10

126 23 31
                                    

ini double update. ke chapter 09 dulu yak

─────

Sibuk dan diriku. Sama-sama sulit dipisahkan seperti Jinendra dan americano. Laki-laki itu bahkan menyarankan agar aku segera saja menikah dengan berkas-berkas perkerjaanku. Lalu ia pundung. Ah, dasar bocah. Untungnya, hari ini aku jatah cuti setelah bulan lalu aku tidak mengambil jatah cutiku.

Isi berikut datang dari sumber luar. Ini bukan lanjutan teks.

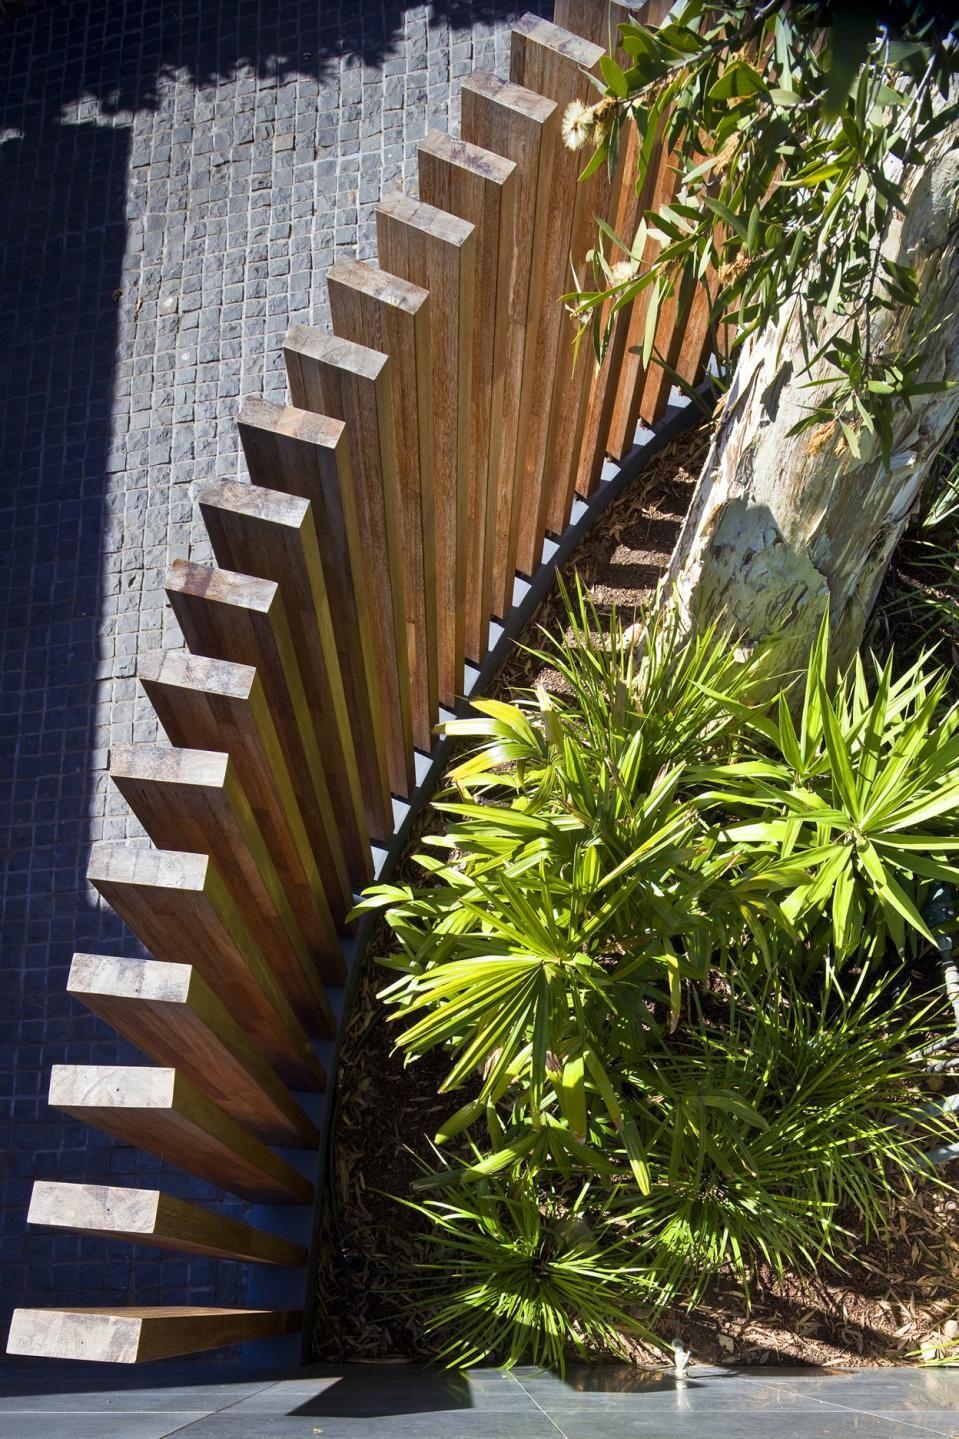 ▷ 95+ Idées Pour La Clôture De Jardin - Palissade, Brise ... destiné Brise Vue Cloture Jardin

"Ayo Fan, ke sanaaa," Pinta Jinendra Adsy setelah mengirimkan foto destinasi yang lagi-lagi ia jelajahi lewat, yak benar, Google Street View.

"Iya, waktu aku cuti ya?" ucapku dengan nada menenangkan seorang bayi.

"Aaaaaaaa masih lama dong? Kenapa sih akhir pekan juga kamu pakai buat kerja? Huaaaaaaa Fanyaaaa,"

Aku berdecak. "Hari ini aku cuti,"

"Kamu serius, Durjanah? Beneran gak ini?"

"Iya beneran. Kalau mau jemput, cepetan. Kuhitung sampai lima kalau belum sampai hangus kesempatanmu wahai ajudan,"

"Alaaaaah," keluhnya.

"Sambat terus kamu tuh. Cepet ke siniii," perintahku.

"Siap, Non!"

---

Udaranya terlampau sejuk di sini. Nyaris dingin. Untung saja aku membawa jaket. Laki-laki di sampingku memasukkan tanganku ke saku jaketnya.

"Tadi aku tuh mau bilang, 'Neng, pakai jaket abang aja biar gak kedinginan,' eh tahunya kamu bawa. Ah, kamu gak peka,"

Aku tertawa. "Karep-karep deh," (terserah-terserah deh)

Cengirannya melebar lalu menautkan jemarinya dengan jemariku. Tempat ini ternyata sepi juga ketika hari kerja. Apalagi ini bukan bulan-bulan study tour. Jinendra kujamin akan melancarkan aksi menggombalnya dengan sangat lancar.

"Fan,"

"Ya?"

"Apa yang kamu cari dari sebuah hubungan?" tanyanya. Aku sedikit terpana, tidak menduga pertanyaannya akan seperti itu.

"Aku..."

Anehnya, aku sulit menjawabnya. Pun sepertinya aku memang masih bimbang.

"Rasa tenang? Bahagia? Aku gak tahu, Ji," jawabku ragu. "Kenapa?"

"Kamu jarang banget cerita ke aku. Maksimal soal Papa kamu jadi alasan utama kamu berhenti nyebat," jawabnya. "Aku takut kamu nerima aku cuma karena ngerasa gak enak,"

Aku menggeleng, menatapnya. "Aku...takut. Aku takut alasan aku sayang ke kamu cuma karena materi,"

Jinendra mengerjap. "Hah?"

"Ya... itu. Aku merasa harus membatasi diri--"

"Ya memang gitu, 'kan? Evolusi. Seleksi alam. Mekanisme bertahan hidup," ujarnya membuatku memandang wajahnya bingung, juga terkejut. "Manusia emang cari pasangan yang dirasa membuatnya cukup aman dan nyaman buat bertahan hidup. Uang juga alasan. Tapi alasan yang lain juga banyak, 'kan? Kita menyelesaikan apa yang menjadi concern kita terlebih dahulu. Mungkin... your biggest concern right now is money. Tapi, aku yakin banyak kemungkinan lainnya," jelasnya. "Jadi... selama kamu tahu kamu sayang aku--astaga aku ngerasa cringe--aku gak papa,"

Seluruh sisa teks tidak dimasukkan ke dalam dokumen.